In our view, BCI's protest challenging the adequacy of the Navy's cost realism analysis was clearly meritorious on the record provided to our Office with the agency report. In short, the record lacked support for the Navy's conclusion that McKean could perform as it had proposed for the costs provided. Indeed, as BCI pointed out in its comments on the agency report, the evaluators' expressed concerns about the realism of McKean's rates remained unresolved when the Navy selected McKean for award. Based on our review, we are not persuaded that there is any meaningful difference between the Navy's explanation of an error in the "methodology" of the cost realism analysis, and BCI's challenge.

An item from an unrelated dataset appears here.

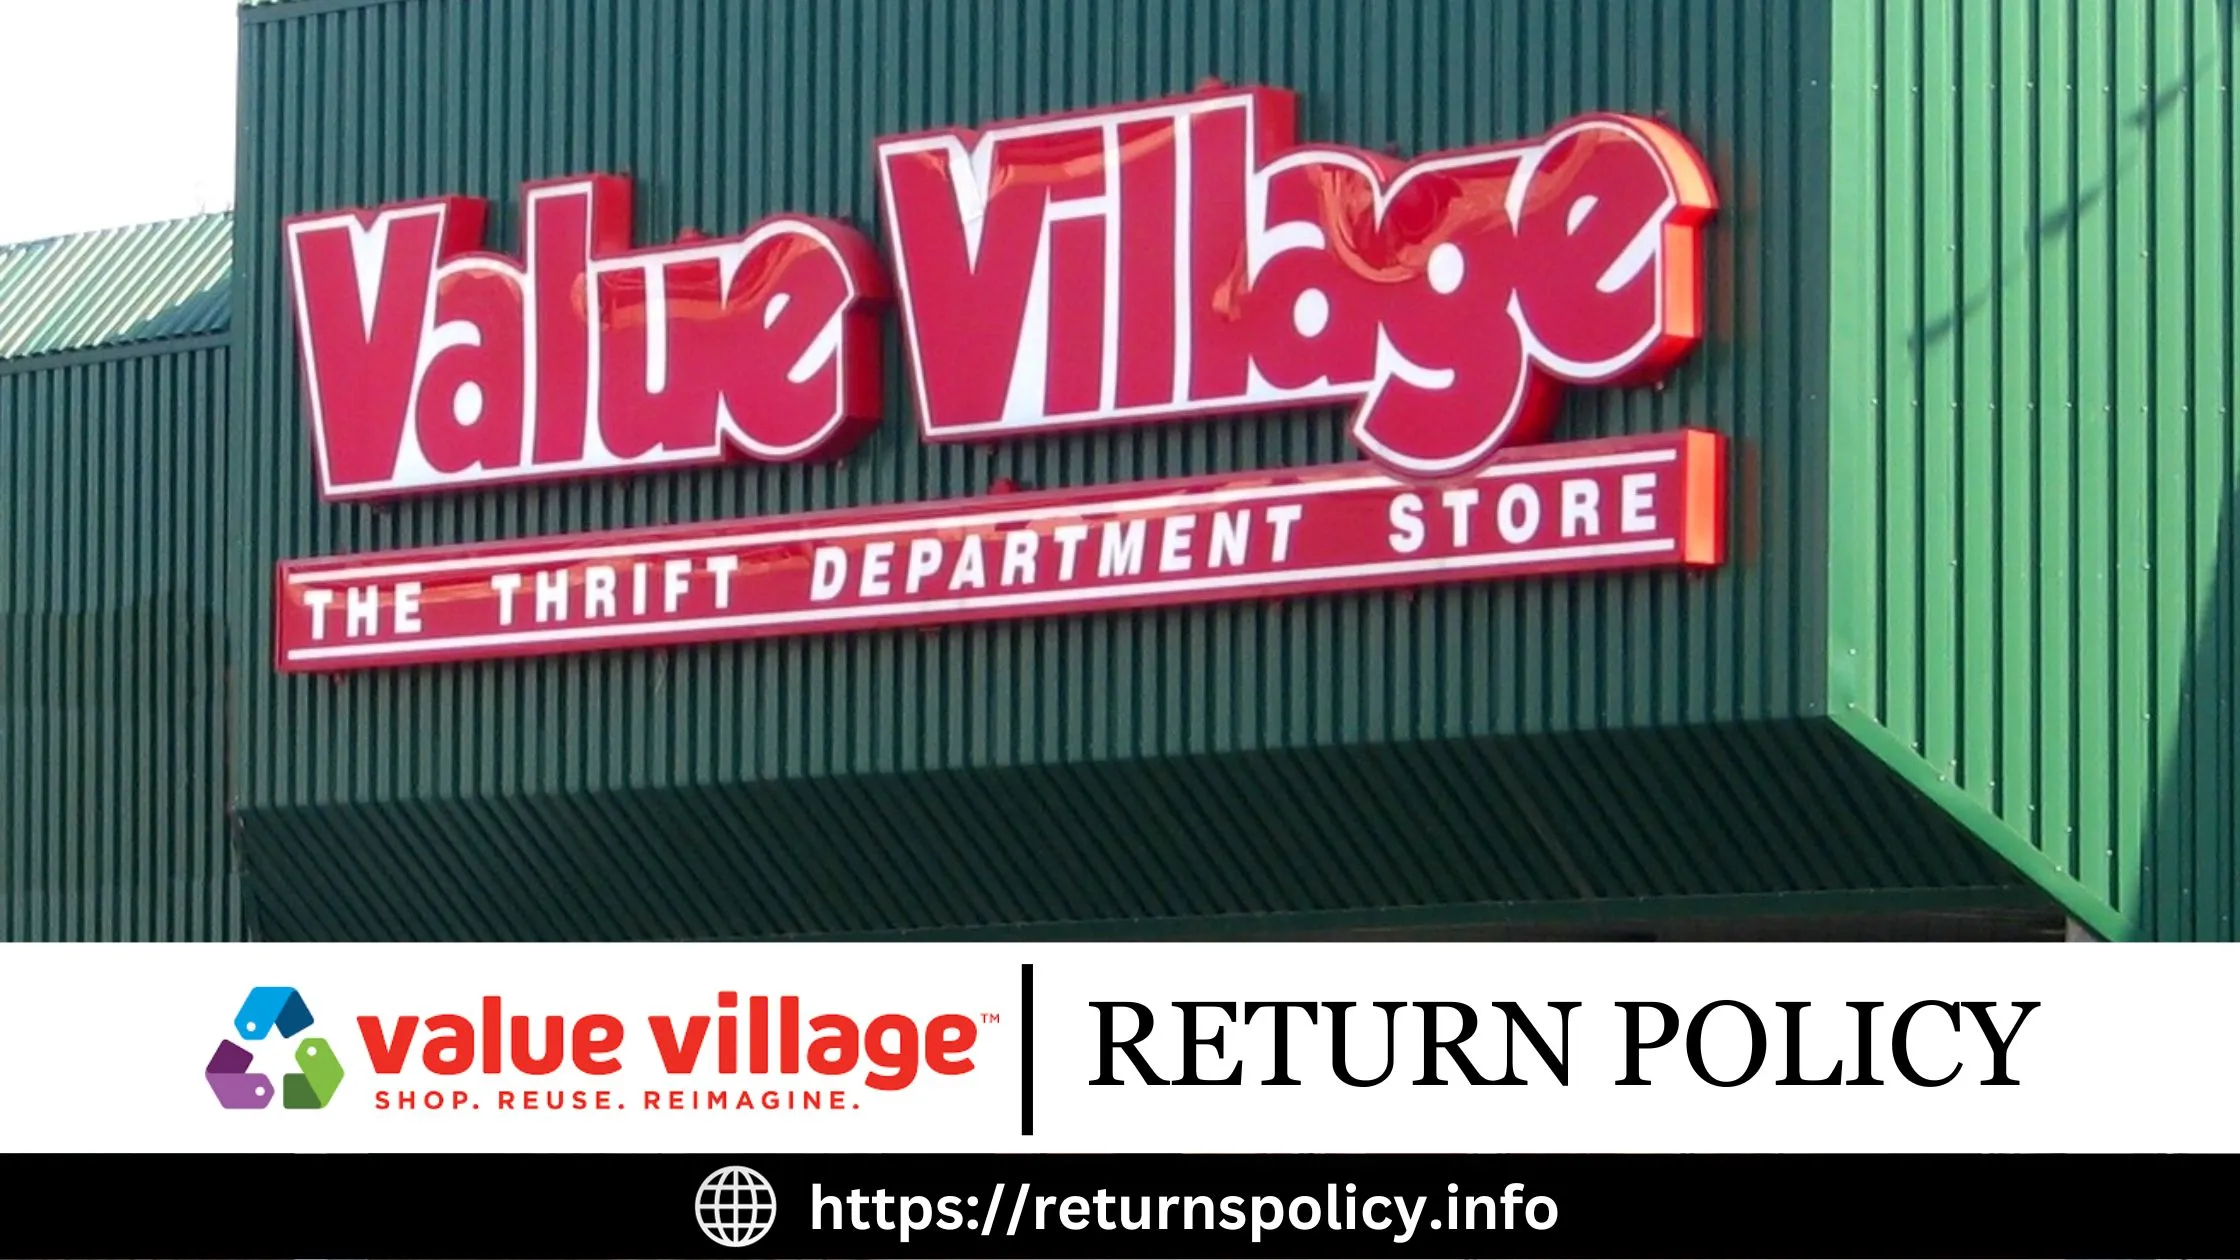 Value Village Return Policy

As a general rule, we recommend that a successful protester be reimbursed protest costs with respect to all issues pursued, not merely those upon which it prevails. Nevertheless, in appropriate cases, we have limited our recommendation for the award of protest costs where a part of those costs is allocable to an unsuccessful protest issue that is so clearly severable from the successful issues that it essentially constitutes a separate protest. In determining whether protest issues are so clearly severable as to essentially constitute separate protests, we consider, among other things, the extent to which the issues are interrelated or intertwined--i.e., whether the successful and unsuccessful arguments share a common set of facts, are based on related legal theories, or are otherwise not readily severable. Core Tech Int'l Corp.--Costs, B-400047.2, Mar. 11, 2009, 2009 CPD para. 59 at 8. We view BCI's challenges to the non-cost evaluation (which it has not shown were clearly meritorious) as severable from the challenge to the cost realism analysis because the questions involved distinct aspects of the record, and were not intertwined factually or legally.

RECOMMENDATION

We recommend that the Navy reimburse BCI's costs of filing and pursuing its protest with respect to its cost realism challenge, including reasonable attorneys' fees. 4 C.F.R. sect. 21.8(d)(1). The protester's certified claim for costs, detailing the time spent and the cost incurred, must be submitted to the agency within 60 days after receiving this decision.

The request is granted.

Lynn H. Gibson

Acting General Counsel



[1] The Navy states that BCI is no longer a small business. Our description of a protester as a small business here is based simply on the protester's representation; the jurisdiction to determine the size status of a particular business rests with the Small Business Administration. See 4 C.F.R. sect. 21.5(b)(1) (2009).

[2] BCI generally disputes the Navy's allegations, and argues that they are beyond our Office's jurisdiction. We note them here because the Navy's allegations provide the foundation for a viable rebuttal of BCI's bait-and-switch claim. Other than noting that the Navy had a viable defense, we find it unnecessary to resolve this issue on its merits.

[3] Additional consideration of the scope of the corrective action is included in our decision denying McKean's subsequent protest challenging the corrective action. McKean Def. Group--Info. Tech., LLC, B-401702.2, Jan. 11, 2010, 2010 CPD para. ___.

[4] The Navy has not disputed that the timing of the corrective action would be considered unduly delayed because it occurred after the Navy's agency report. Navy Response at 2.